Problem requirements -
Each line from the one containing "CIRCA 1980, dieses" to the end of the material below is to be restated exactly, with pictures skipped.

Data shown -
Start of Block

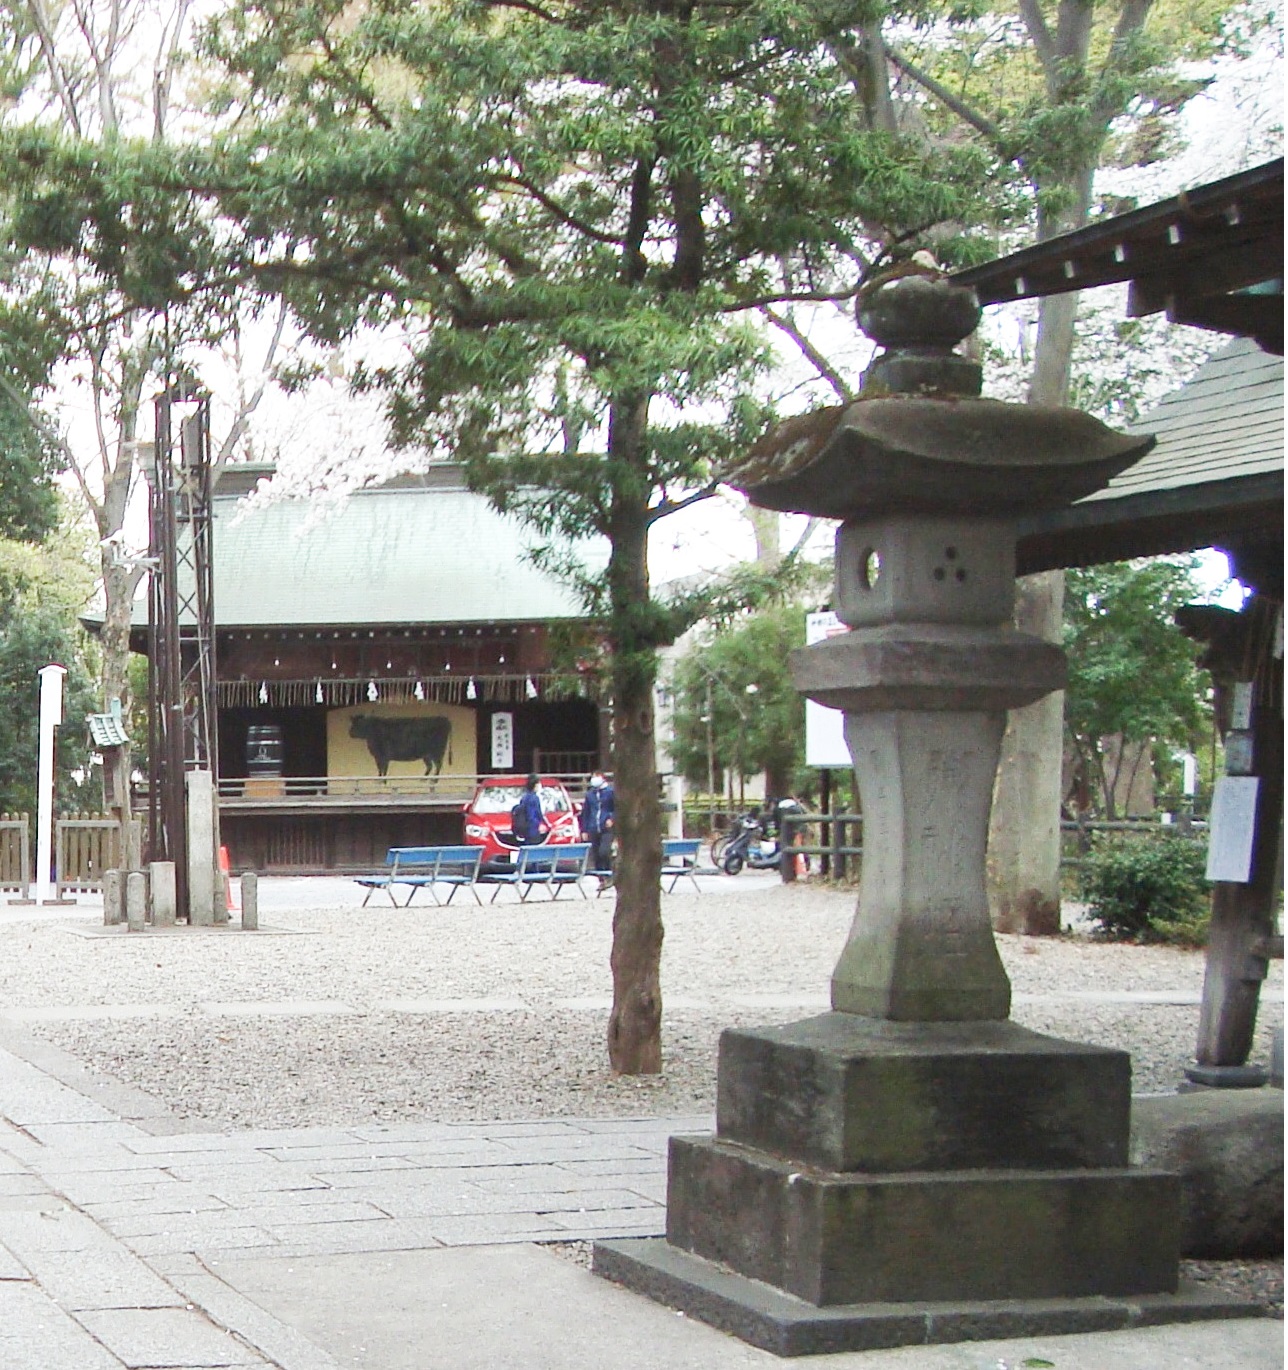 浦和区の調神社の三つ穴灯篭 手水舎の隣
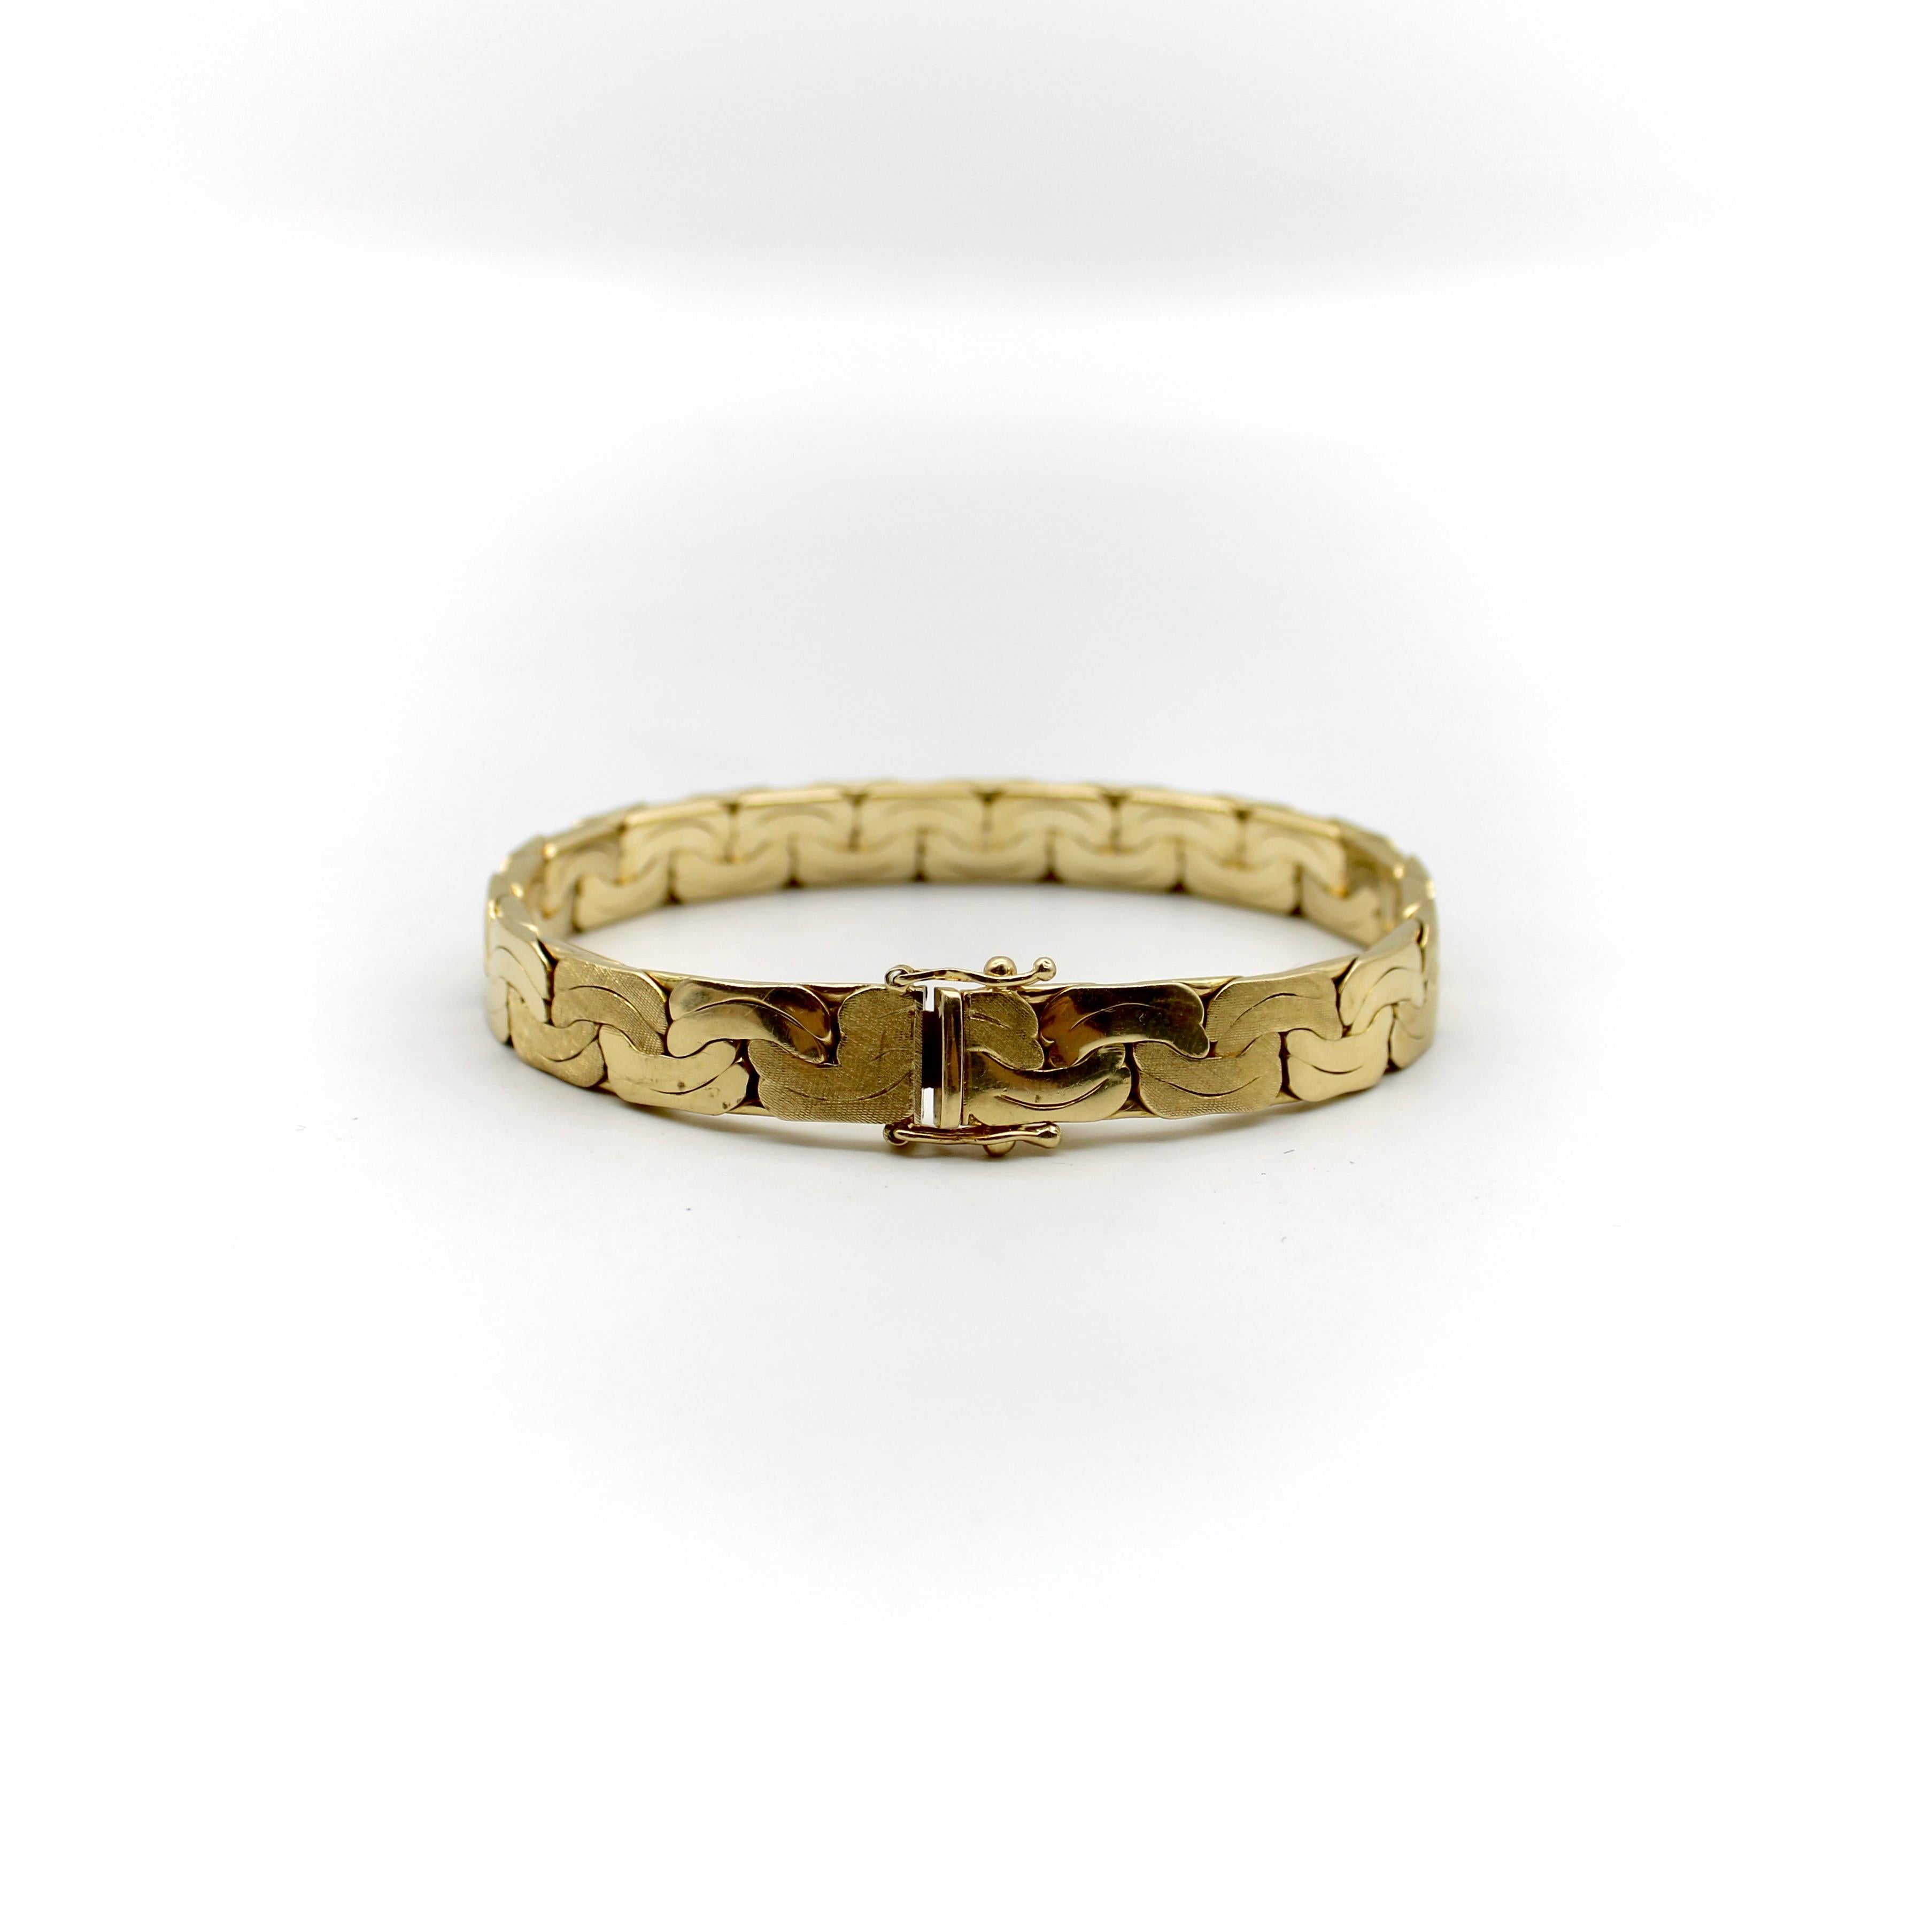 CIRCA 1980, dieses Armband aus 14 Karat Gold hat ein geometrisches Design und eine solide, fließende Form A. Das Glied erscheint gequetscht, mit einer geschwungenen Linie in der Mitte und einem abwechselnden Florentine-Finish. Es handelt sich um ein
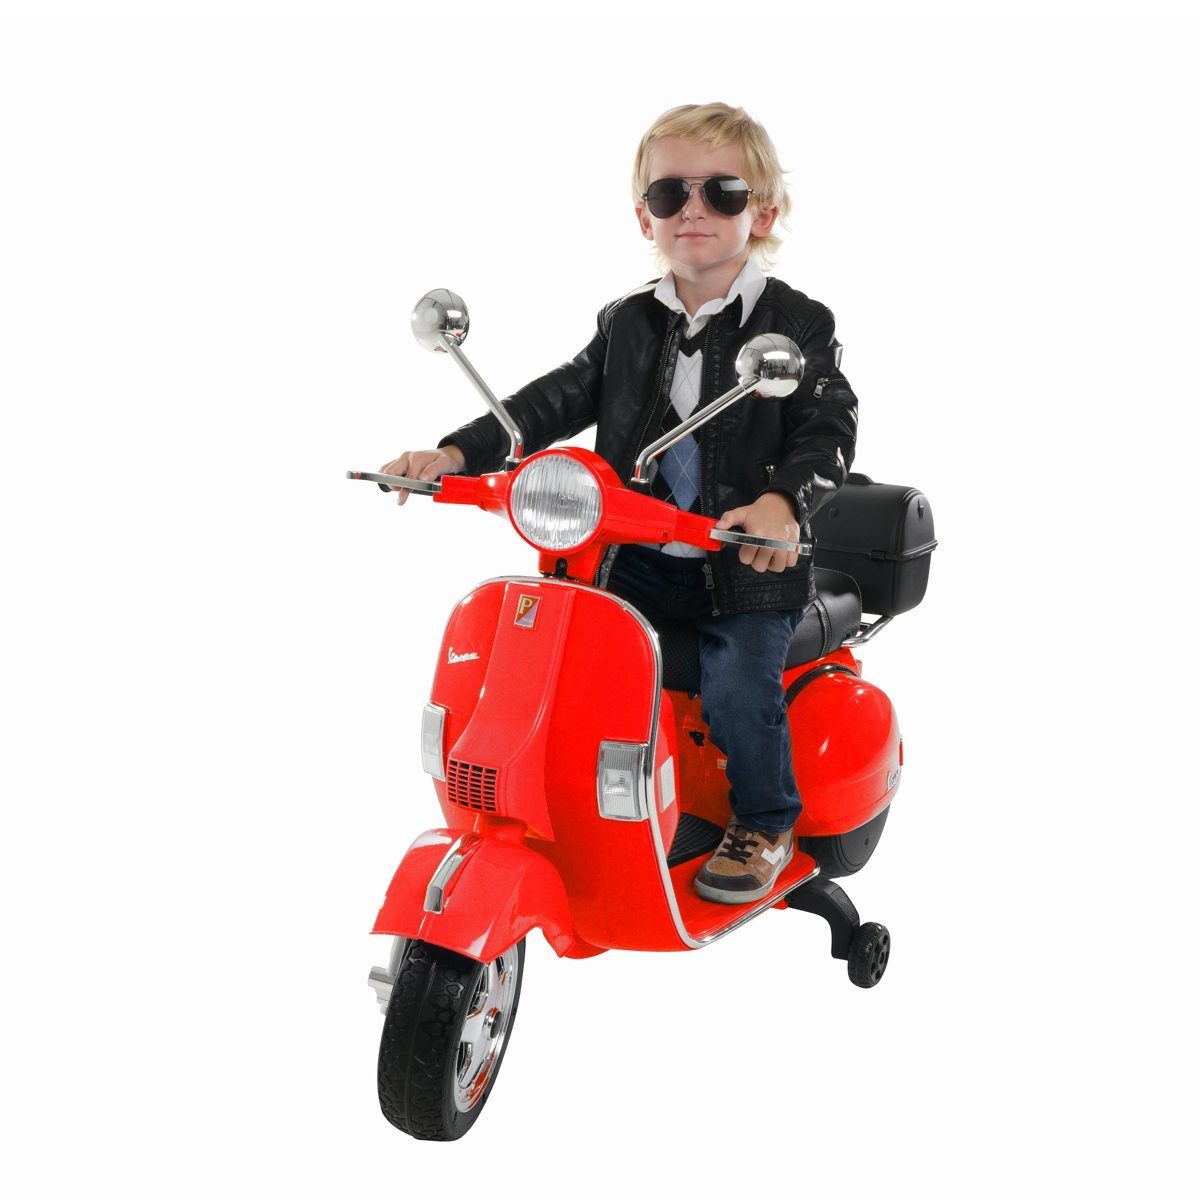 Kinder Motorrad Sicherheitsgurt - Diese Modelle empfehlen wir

End of Block

Solution for this exercise -
 CIRCA 1980, dieses Armband aus 14 Karat Gold hat ein geometrisches Design und eine solide, fließende Form A. Das Glied erscheint gequetscht, mit einer geschwungenen Linie in der Mitte und einem abwechselnden Florentine-Finish. Es handelt sich um ein
 Kinder Motorrad Sicherheitsgurt - Diese Modelle empfehlen wir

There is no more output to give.